Tracy Cook’s debut novel was inspired by the women who plotted aircraft battles during the Siege of Malta – the only civilians to do such work during the Second World War. Though they’re largely forgotten now, their highly-skilled work helped the RAF to defend the island against German and Italian forces in the early 1940s.
The women who ran the plotting room at the nerve centre of Malta’s World War Two defences are among the unsung heroes of the war.
They were the only civilian women in the war to plot aircraft battles at a Fighter Command and are still little known about. They performed a vital role in supporting Malta’s defences and helped to change the course of the war in the Mediterranean. Their important work has now inspired my debut historical novel, Wings Over Valletta.
The Lascaris War Rooms
The first time I set foot in the No 8 Sector Operations Room at the Lascaris War Rooms in Valletta, a shiver ran through me. I could feel the closeness of the walls, the fug of the air, imagine their fear as bombs rained down outside.
As the guide described how the women of Lascaris used to plot the battles and missions during the long siege of Malta, I just knew I had to bring to life these brave women whose daily work, under terrible conditions, being bombed, shot at and starved as they struggled to get to work, played such a pivotal role in the course of the war in the Mediterranean.
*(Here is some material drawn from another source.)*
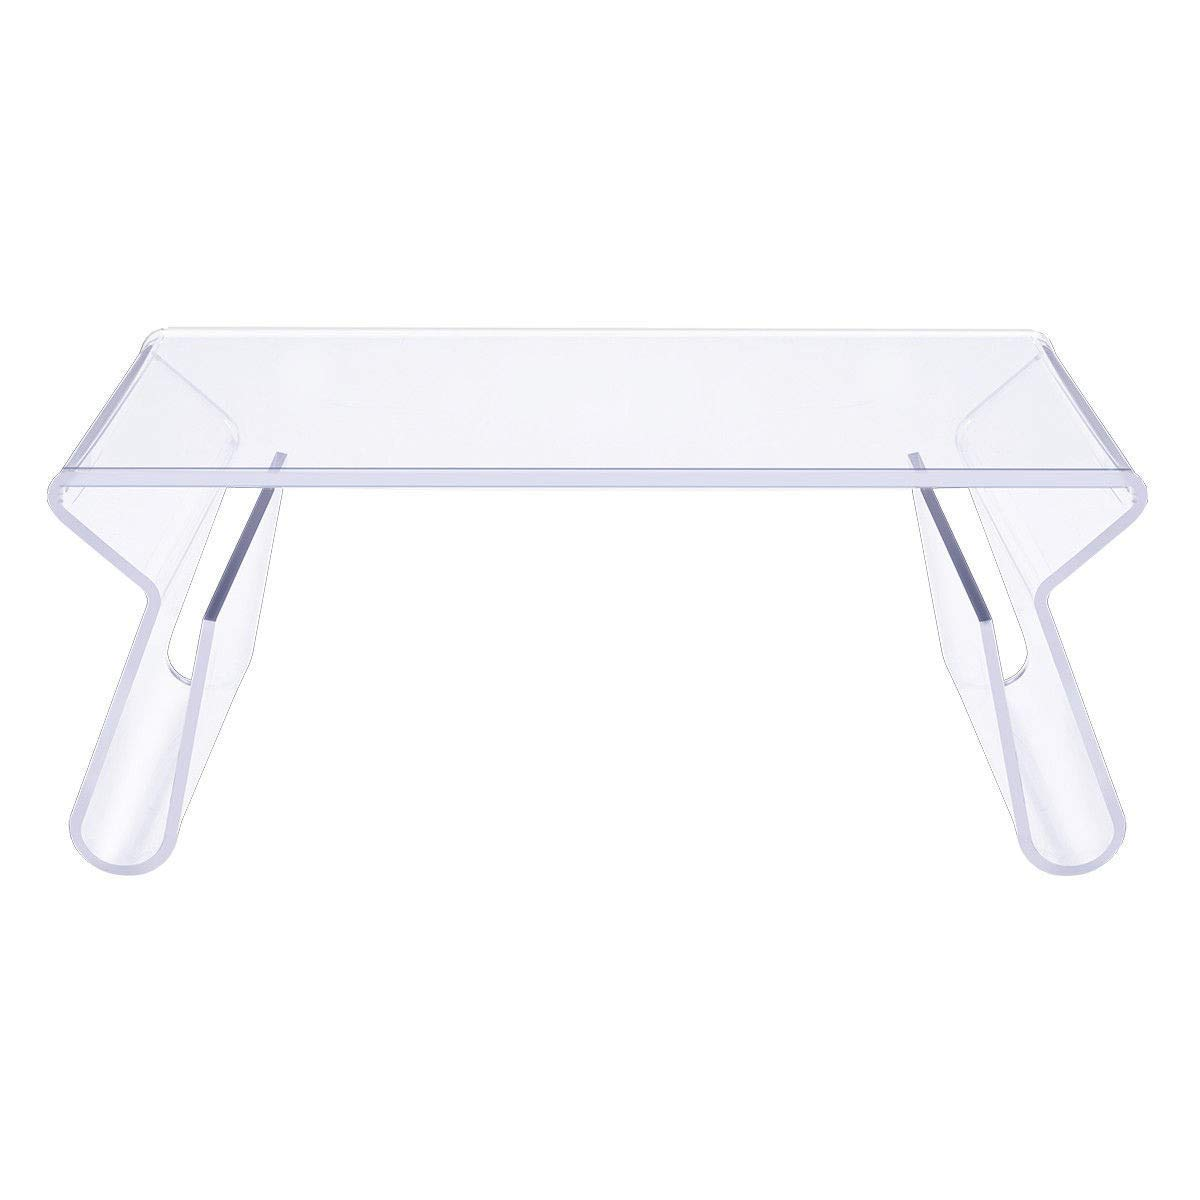 Cheap Acrylic Coffee Table Ikea Find Acrylic Coffee Table Ikea Deals On Line At Alibaba Com

While many millions of women contributed to the war effort worldwide, what made these women unusual was that they were not part of the military. They were civilians, local women trusted with a crucial role that in Britain and other theatres of war were done by WAAFs. I wanted to give some insight into just how extraordinary that was.
Inside the Operations Room
The Operations Room was based deep underground in a system of tunnels beneath the old Crusader bastions built by the Knights of St John. Four hundred feet below ground, this gloomy sunless network of rooms also included other military functions, such as listening and intelligence monitoring rooms and the anti-aircraft artillery control room. It became the nerve centre of Malta’s defence and was one of the best kept secrets of the Second World War.
Inside the Number 8 Sector Operations Room was a large table, covered with a gridded map of Malta and the surrounding area, including Sicily, so the senior controllers watching from a gallery above the room, called the ‘Shelf’, could look down, see the positions of incoming enemy aircraft, and direct fighters to attack.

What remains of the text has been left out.